_What this task involves_
In the entries below, begin at the line that has "Кукла и игровой" and stop after the line that has "shiloh battlefield tour map"; output those lines exactly, leaving out pictures.

[[ Listed records, beginning ]]

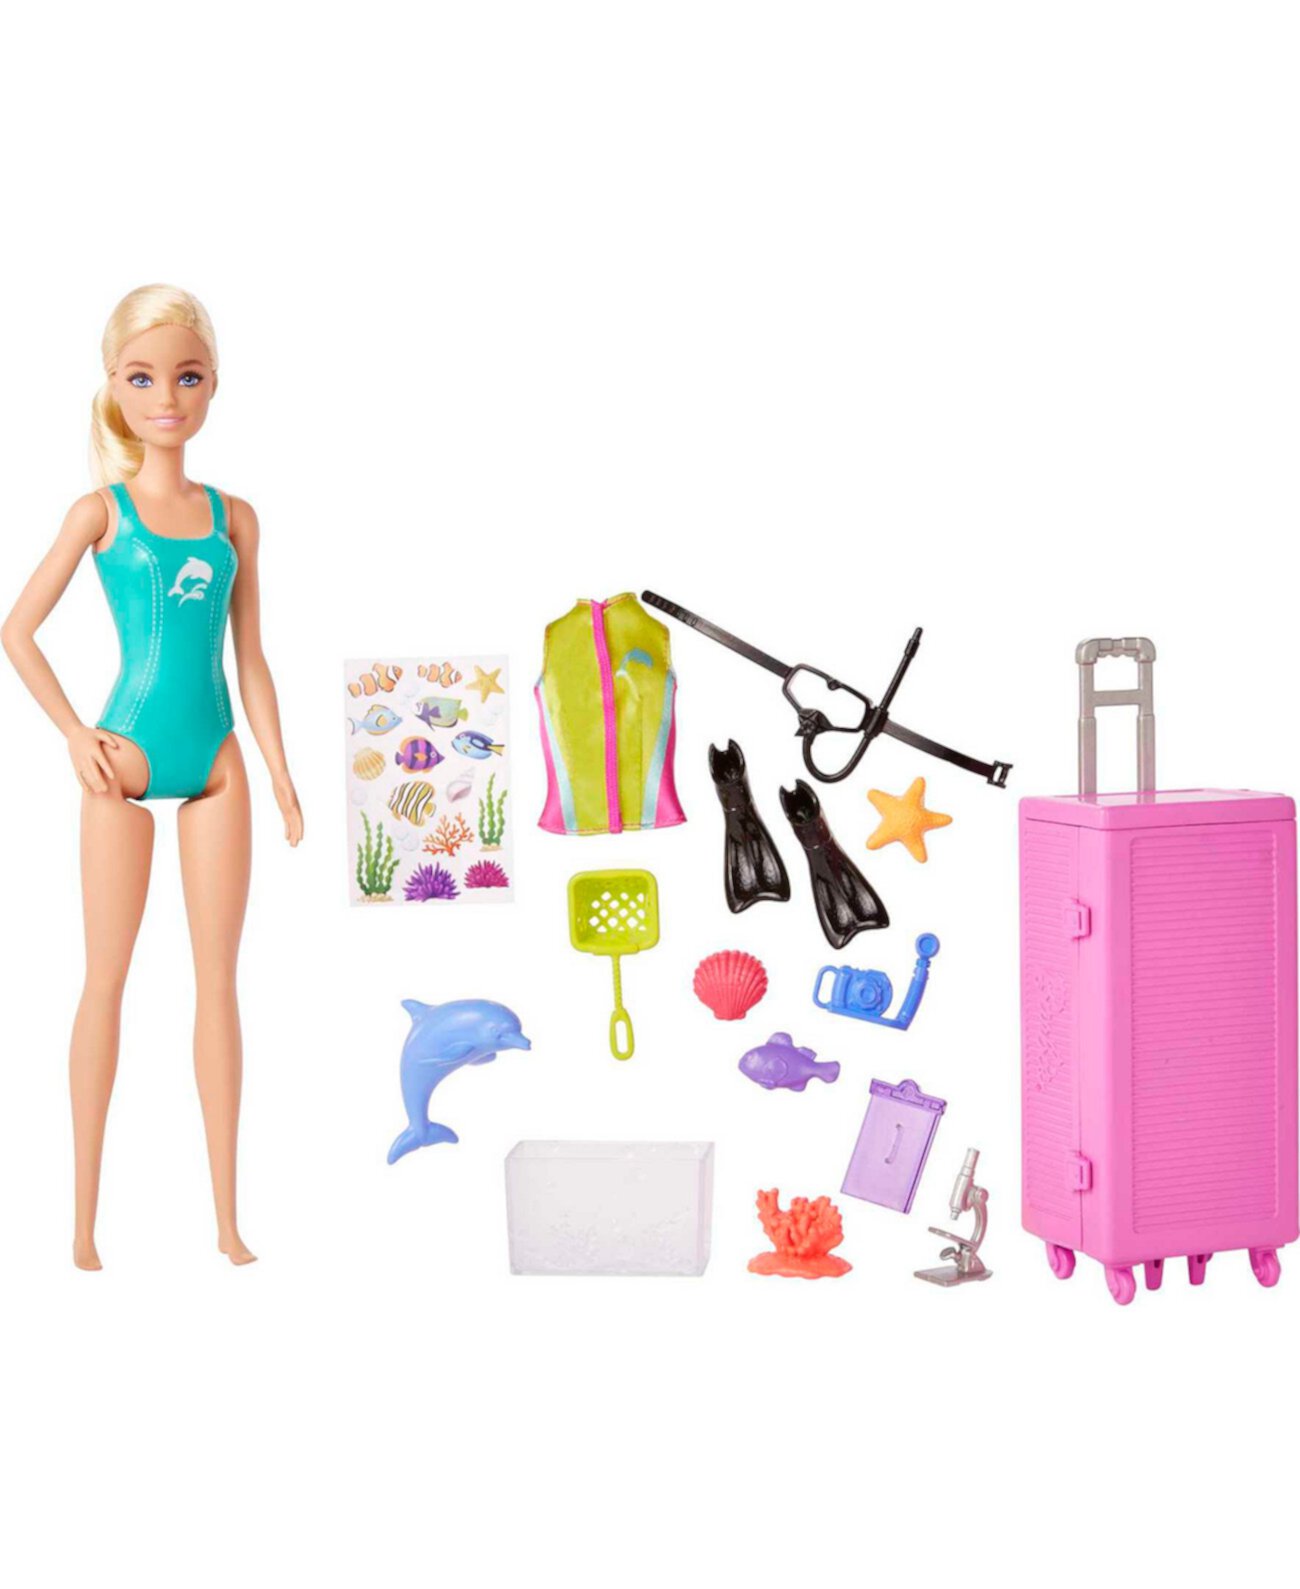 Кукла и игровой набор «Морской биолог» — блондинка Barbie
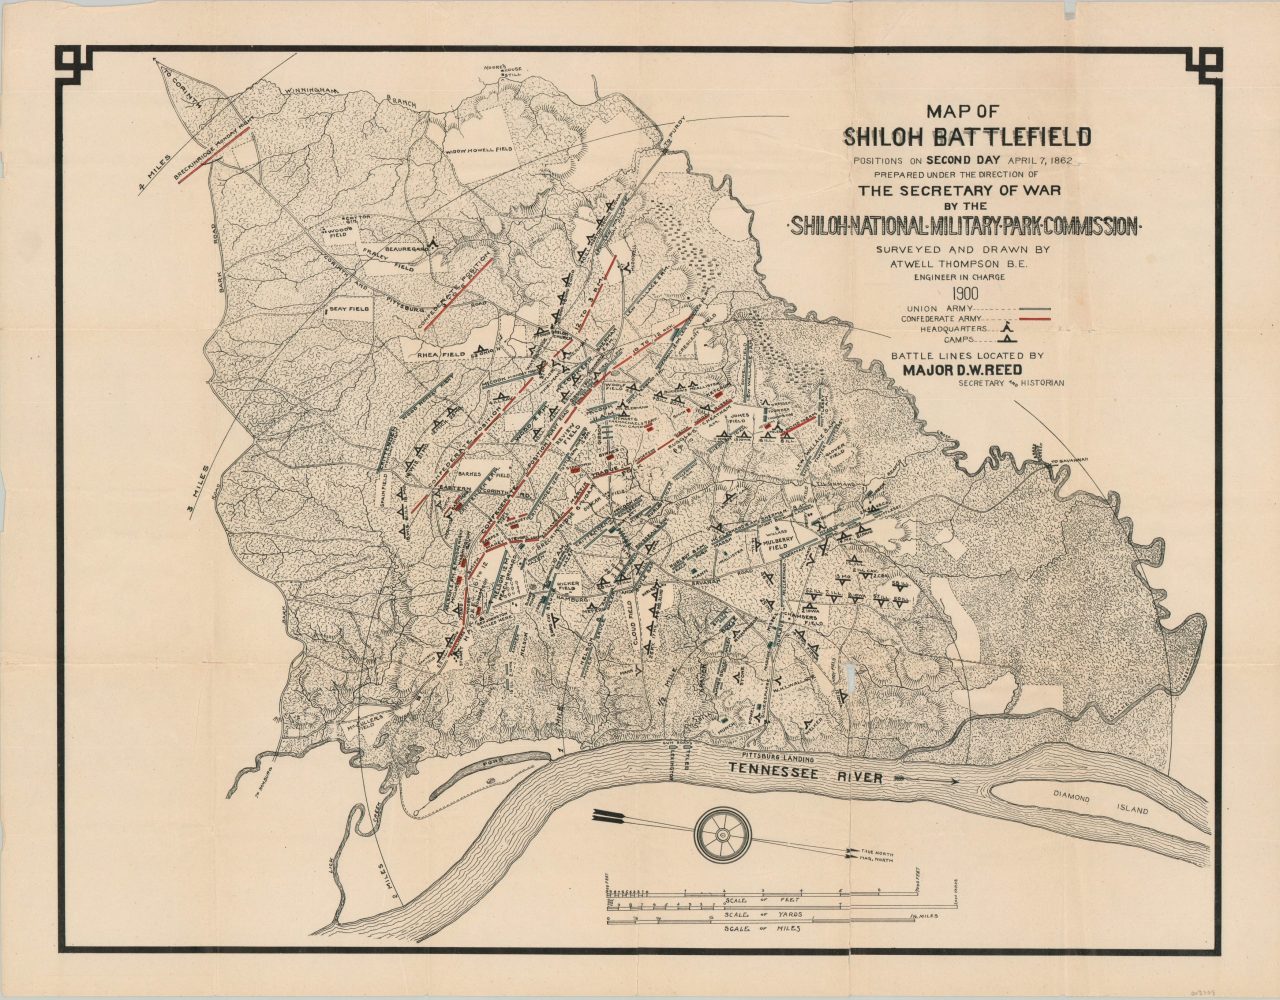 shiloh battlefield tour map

[[ Listed records, end ]]
[[ Listed records, beginning ]]

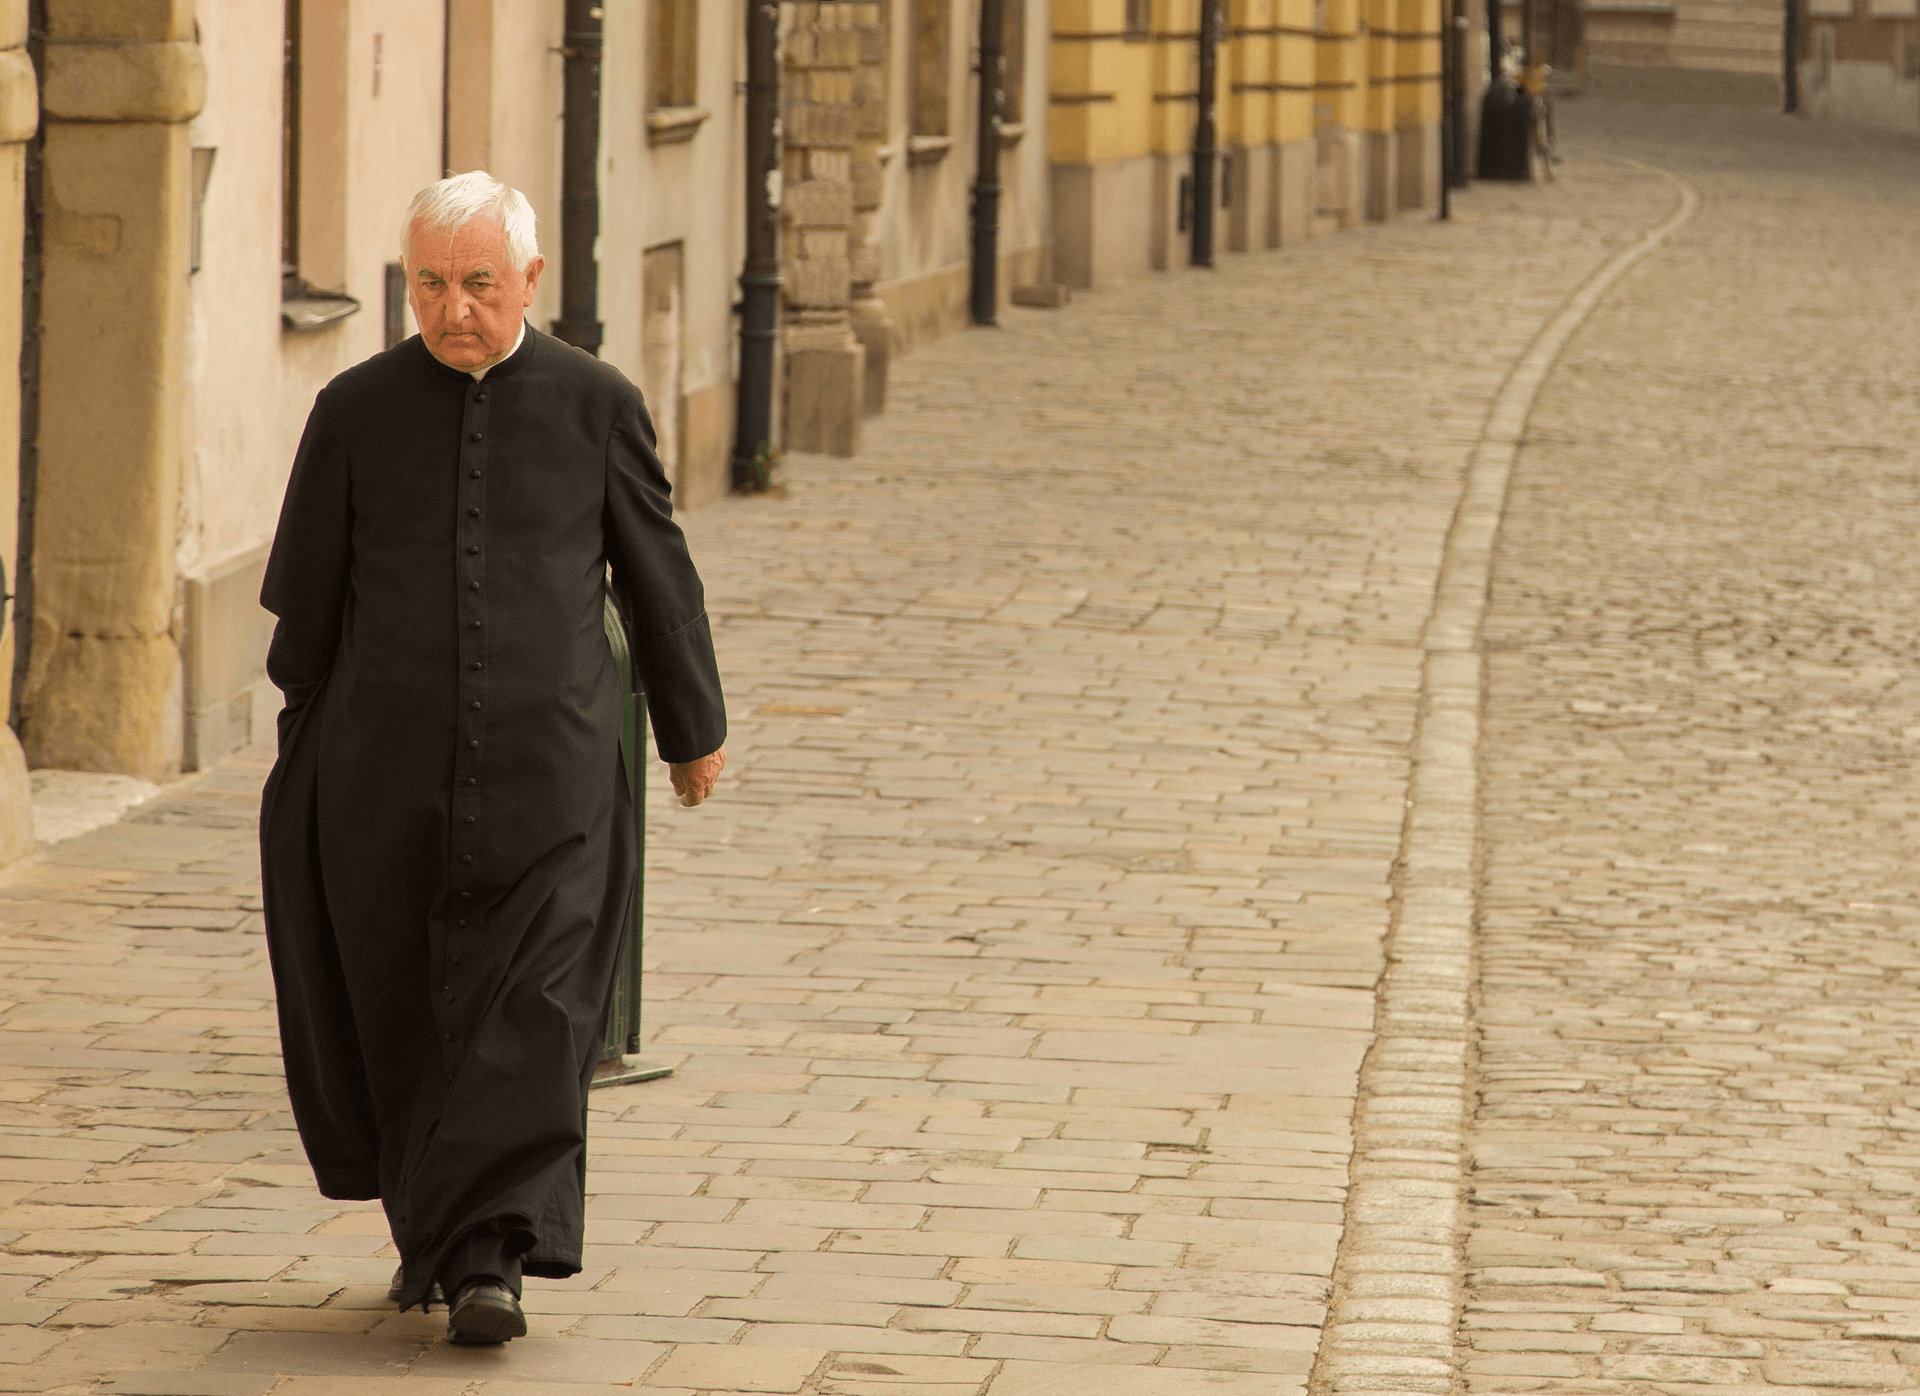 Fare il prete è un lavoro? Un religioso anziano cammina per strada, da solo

[[ Listed records, end ]]

_Exercise result_
 Кукла и игровой набор «Морской биолог» — блондинка Barbie
 shiloh battlefield tour map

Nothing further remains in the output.